As Table 4 shows, no difference was observed within the measures and sphericity of dermal bones on different layers. Between Layer 1 and Layer 3 analysis by Studenfs t test indicates no difference between the SI mean (t= 0.78625, P<0.5), which also was no observed between the Layer 3 and Layer 4 (t= 0.40036, P>0.5), and between this layer and Layer 5 (t= –0.85656, P<0.5). As they all tend to be small and semi–spherical, this variable does not seem to be a relevant predictor of mobility nor does it seem to be important with other materials. It is interesting to note, though, that those found on the uppermost layer –although too few– are the heaviest ones, thus indicating that gravity is not a relevant variable either and that there was a force acting from below. Since the analyzed deposits are sheltered from sunlight and the cave does not sustain any kind of vegetation, floralturbation mechanisms such as root and rootlets cannot be considered. Trampling, which is common in restricted spaces with an intense traffic by humans and other heavy animals, such as the Baño Nuevo–1 cave, tends to move artifacts and ecofacts a few centimeters down (Barton, 1982; Villa and Courtin, 1983; Gifford–González et al., 1985; Vermeersch and Bubel, 1997), but not in the opposite direction.
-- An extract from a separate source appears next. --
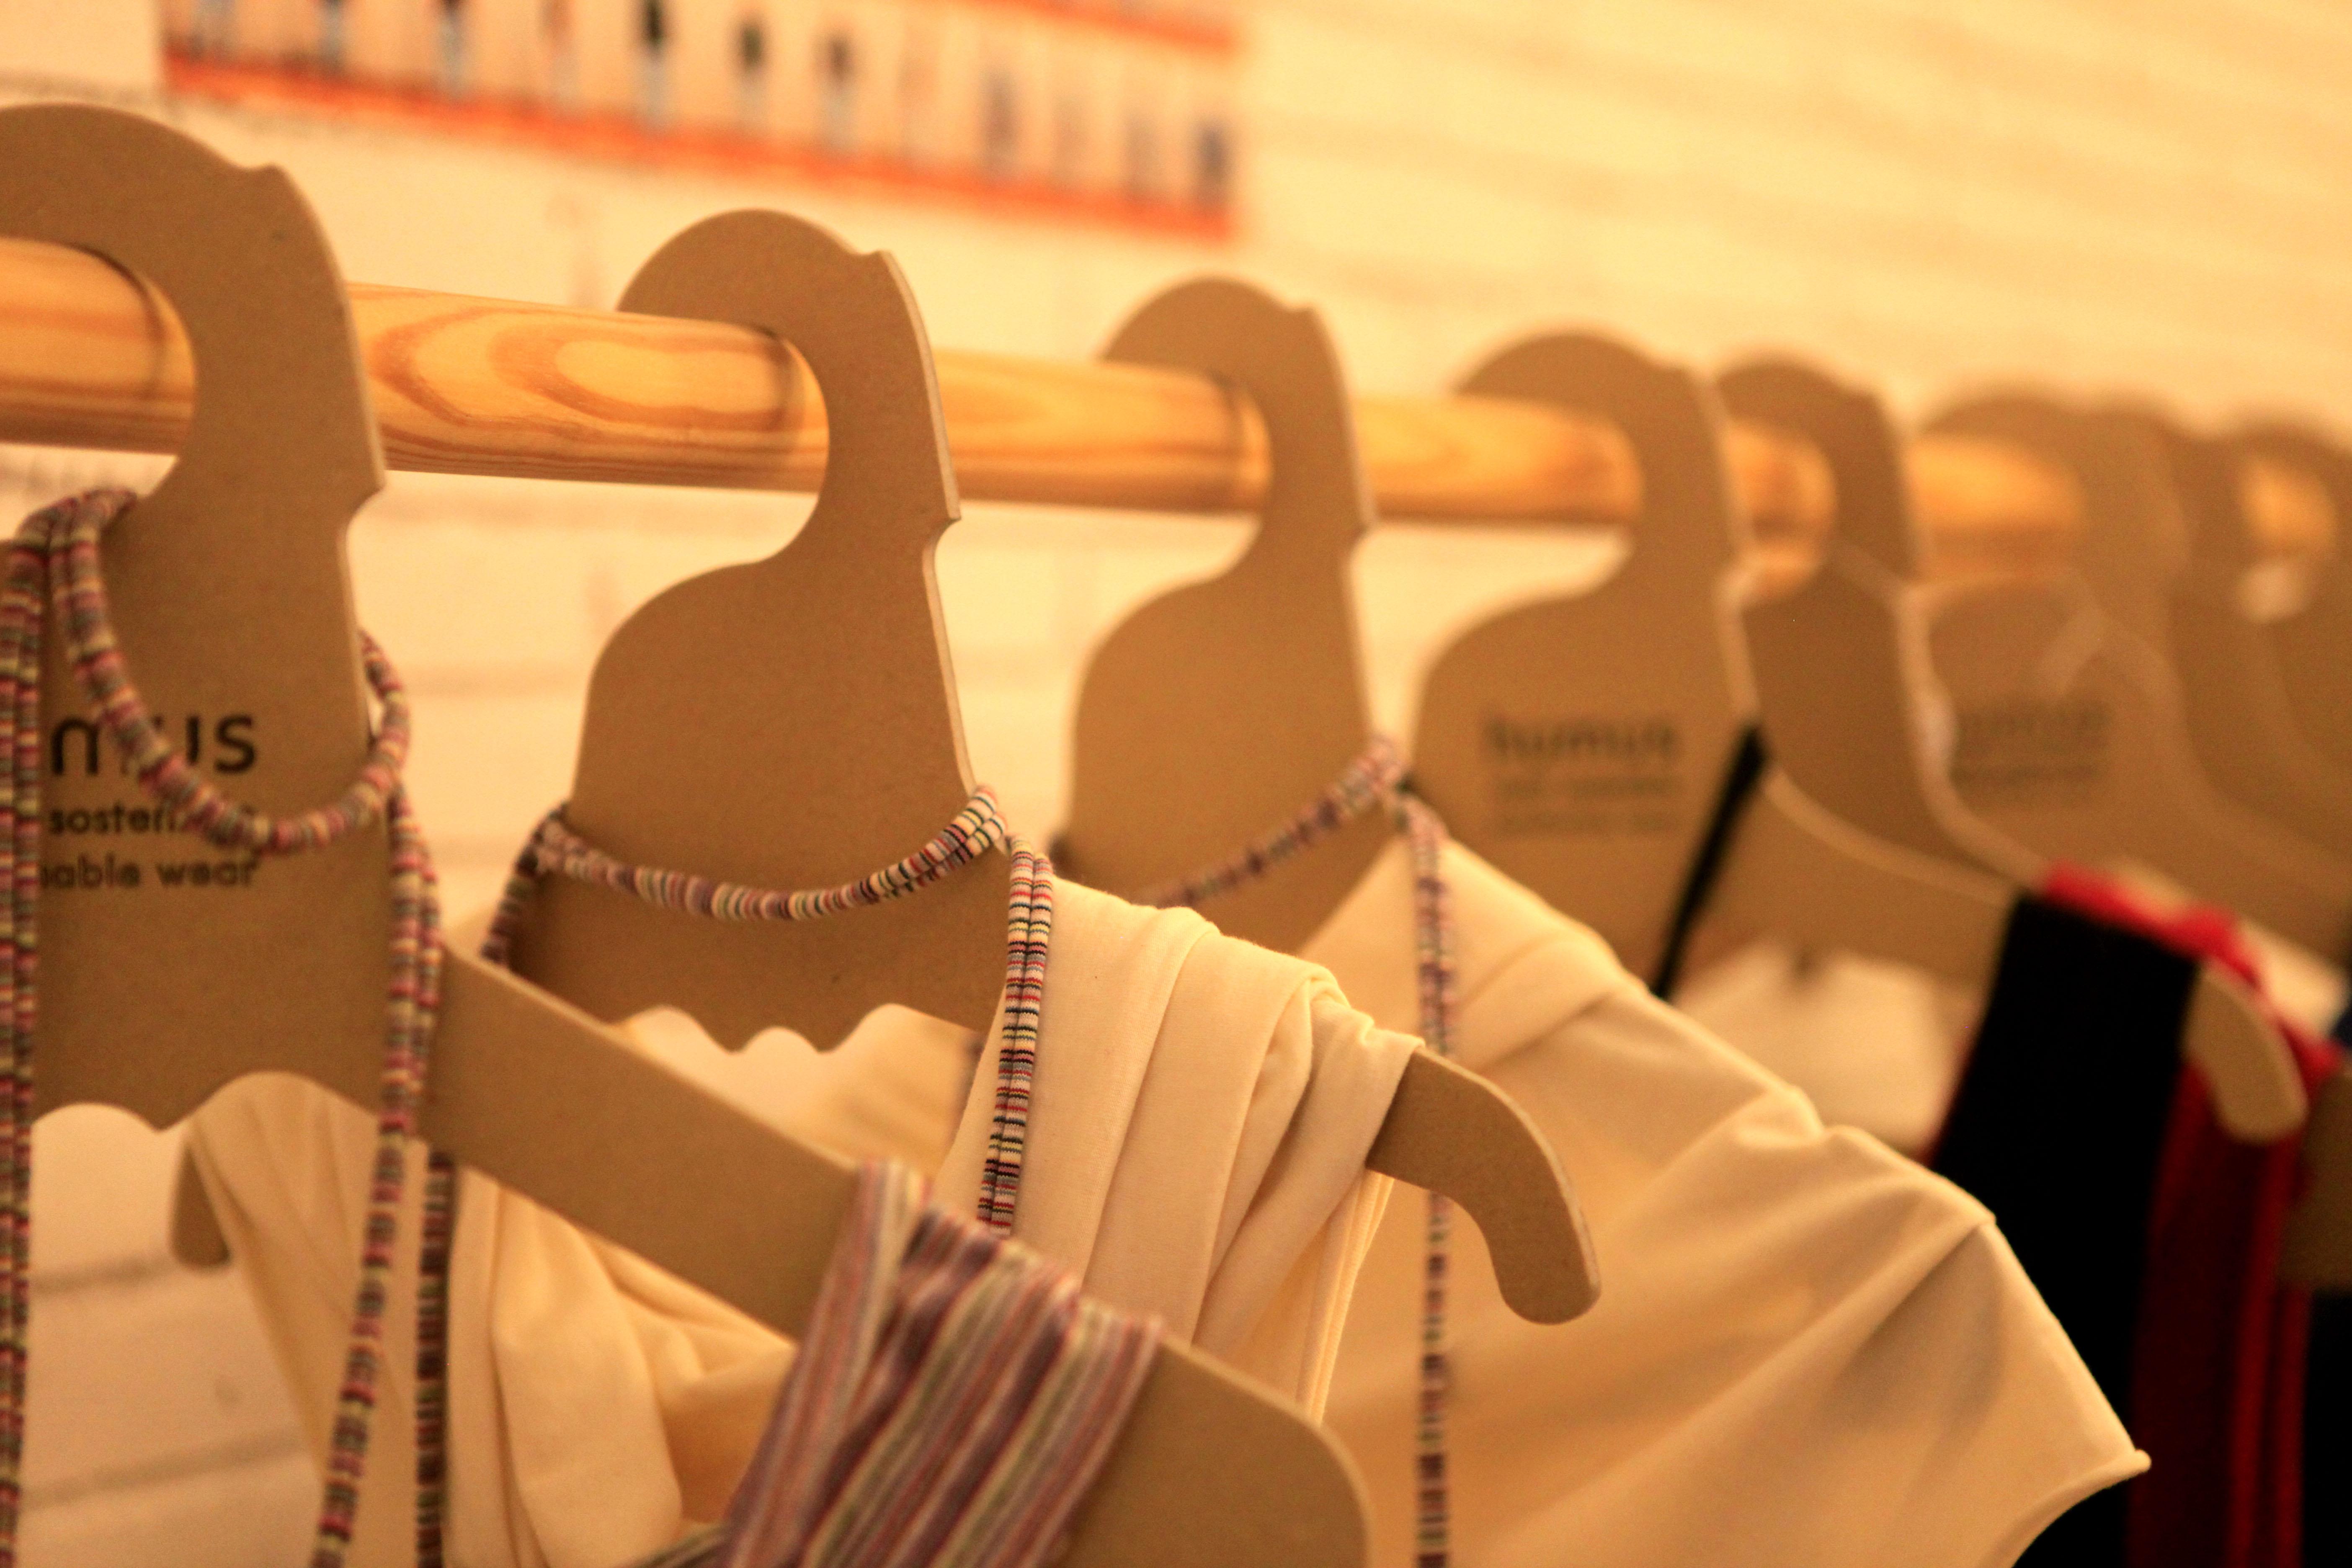 moda sostenible 3 - Crean el primer Directorio de Moda Sostenible del Perú

As we have said before, the funerary contexts imply limited sediment movement since adult individuals were placed close to the rocky walls and covered by rocks while the infant corpses seem to have been laid to rest on the surface. On the other hand, their direct dating between 9,000 and 8,500 BP (Mena and Stafford, 2006; Velásquez and Mena, 2006) means that if there were any sediments removal it would have affected early layers and thus, cannot explain the presence of dermal bones on Layer 1. This situation also applies to the hearth cleaning and other human activities even if they went undetected (e.g., post holes) since no dermal bones have been reported from the intervening Layer 2 (3,500–100 BP). Finally, we must consider the collection of old objects and their being carried and used by the site occupants (Schiffer, 1987). However, we would expect these actions to be related to artifact making (for practical or decorative use) which is not the case.
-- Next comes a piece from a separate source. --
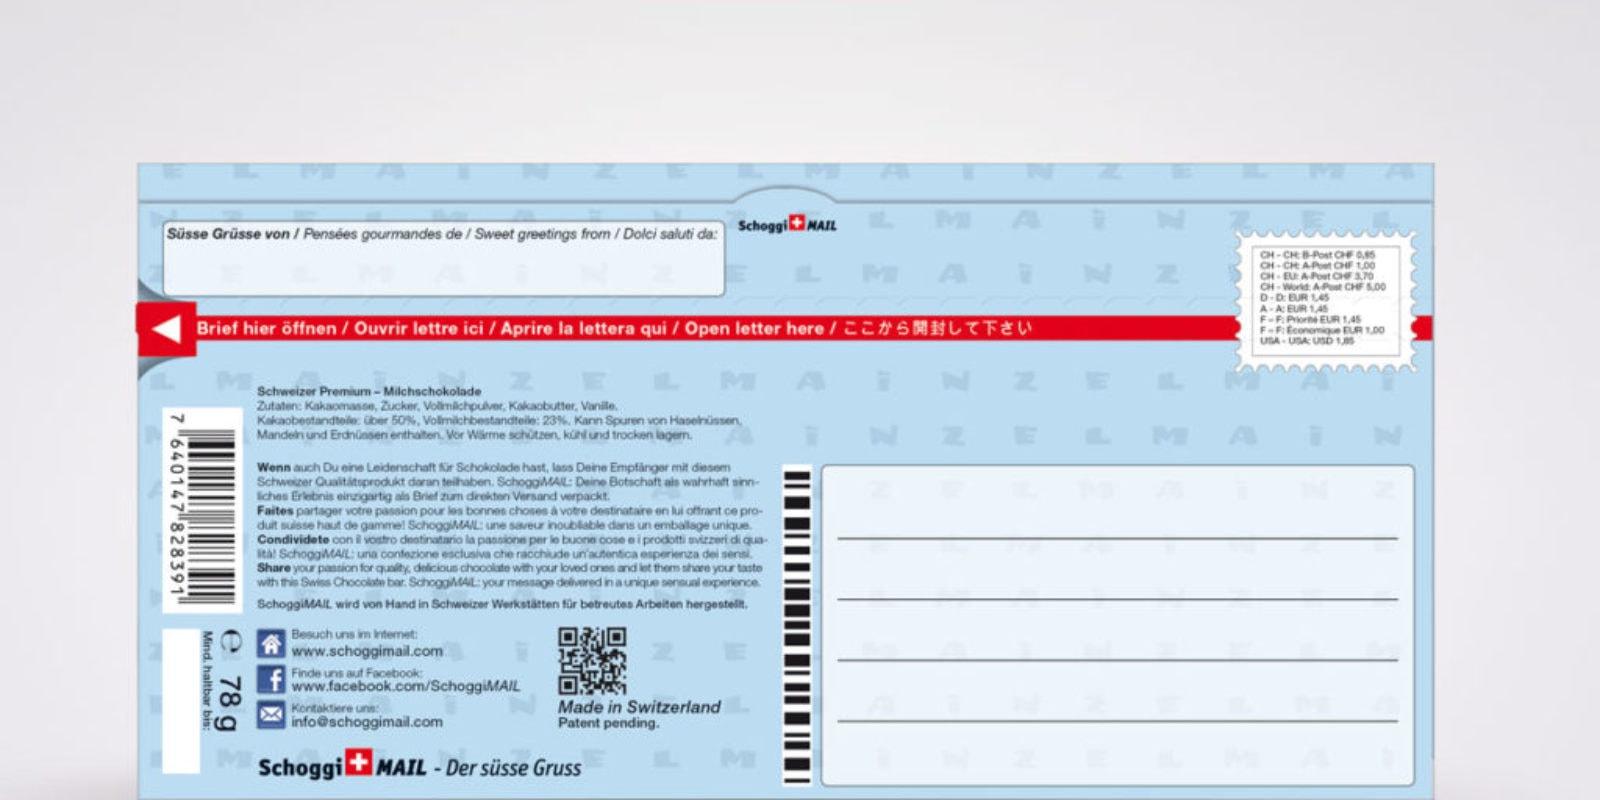 1137839-MM-das-wird-schon_back

We are left, therefore, with bioturbation or cryoturbation as the only agents to consider for the observed upward migration. There are several site–specific and actualistic studies of animals as agents of stratigraphic disturbances (Langmaid, 1964; Stein, 1983; Erlandson, 1984; Bocek, 1986; McBrearty, 1990; Balek, 2002; Araujo and Marcelino, 2003). At Baño Nuevo–1, the most important stratigraphic disturbance recorded consists of rodent burrows, clearly observed in the lower layers, although it is less clear whether they occurred on the Holocene layers (Figure 6). The study of rodent remains (Labarca and Lucero, 2007) recovered in the excavations suggests that most of them correspond to small Cricetidae that were introduced by predator birds, thus ruling out the importance of in situ habitation or tunnel digging by fossorial caviomorphs, but this analysis refers to only two excavation units. Although their presence and burrowing inside a cave with no grassy cover is not well understood, the presence within the burrows of positively identified skulls of Ctenomys sp. leads us to conclude that this is the organism that dug the observed burrows. This kind of alteration has been observed by Borrero (2003) at Tres Arroyos 1 (Tierra del Fuego, Chile) where rabbit (Oryctolagus cuniculus) bones were collected on the late Pleistocene levels, while this species was just introduced to the island in the 1930's. Since at Baño Nuevo–1 we are dealing with an upward migration, burrowing rodents are a good candidate to be the agents responsible for this movement, since it is well known that these animals can carry sedimentary particles from lower levels, particularly if they are easy to transport due to their size and shape and have a smaller radius than the galleries (Bocek, 1986; Balek, 2002). Thus, although rodent and leporid action has been invoked to explain the downward migration of artifacts and ecofacts in stratified Patagonian archaeological sites (Massone et al., 1993; Borrero, 2003; Martin, 2008), in Baño Nuevo–1 the inverse phenomenon seems to be most common, since on late Pleistocene levels with extinct fauna the presence of cultural materials that may have fallen from above is minimal. Another case of vertical migration is represented at the site by remains of the Felidae that most likely belong to a single individual despite being recorded in the two lowermost contiguous layers.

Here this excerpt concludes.